С глубоким участием относился владыка Филарет к раскольникам, гнездом которых был г. Боровск. Он не прибегал к мерам стеснения и насилия, а пытался влиять мерами нравственного воздействия. Вступая в собеседования с ними, он повторял про себя все те ектенийные прошения и ту молитву, которые положено возносить по чинопоследованию в неделю Православия и которые он знал наизусть.

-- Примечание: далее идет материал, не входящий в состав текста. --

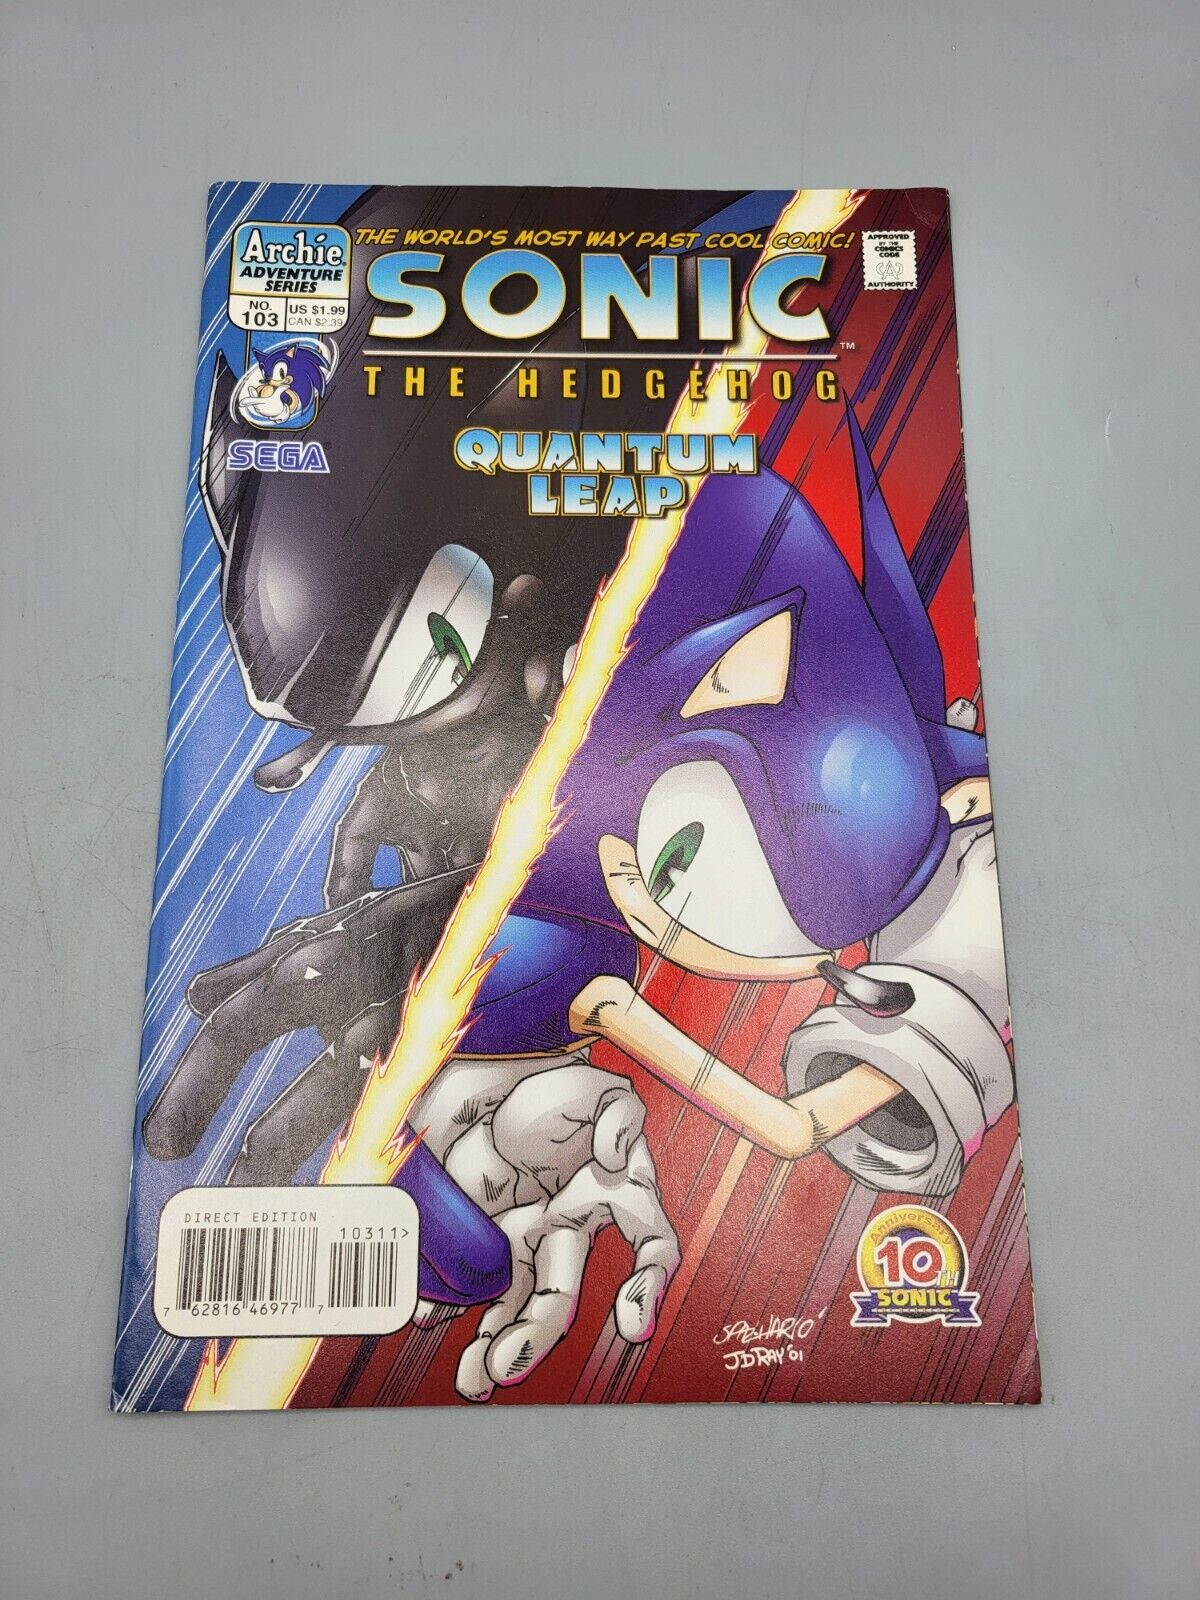 Sonic the Hedgehog #103 Oct 2001 Quantum Leap Direct Edition Archie Comic Book

В январе 1825 г. владыка переведен был в Рязанскую епархию. Народ во множестве провожал его до заставы. Калужская паства увидела его снова в 1837 и 1842 годах, уже митрополитом. Посещал он тогда и любимую им Оптину пустынь. В последний его приезд в Калугу была сильная засуха. Его просили совершить молебствие. Когда после литургии крестный ход вышел на площадь, появились тонкия облака. Во время же чтения молитвы с коленопреклонением начался сильный ливень. Владыка, закончив молебен, под дождем произнес еще поучение на слова Св. Писания: Аще имате веру, яко зерно горчичное. Народ после молебна и при его отъезде толпой устремился к нему за получением благословения. Когда в архиерейском доме высказывались потом, что его мог затолкать народ, владыка сказал: «А знаете ли, что это-то толкание нас и есть особенная милость Божия... Худо и горе, когда нас перестанут толкать... Ведь эти-то толкающие (разумею простой народ) толкают нас именно оттого, что их самих толкает внутреннее чувство веры, столь обильной в простых сердцах их. В этих толканиях их несомненно исполнение слов Господа: толцыте, и отверзется вам; просите, и дастся... И я верую, что они-то так сильно и толкали всею силою своей веры в самые двери неба, что оно отверзлось и излило столь неожиданный и обильнейший дождь...»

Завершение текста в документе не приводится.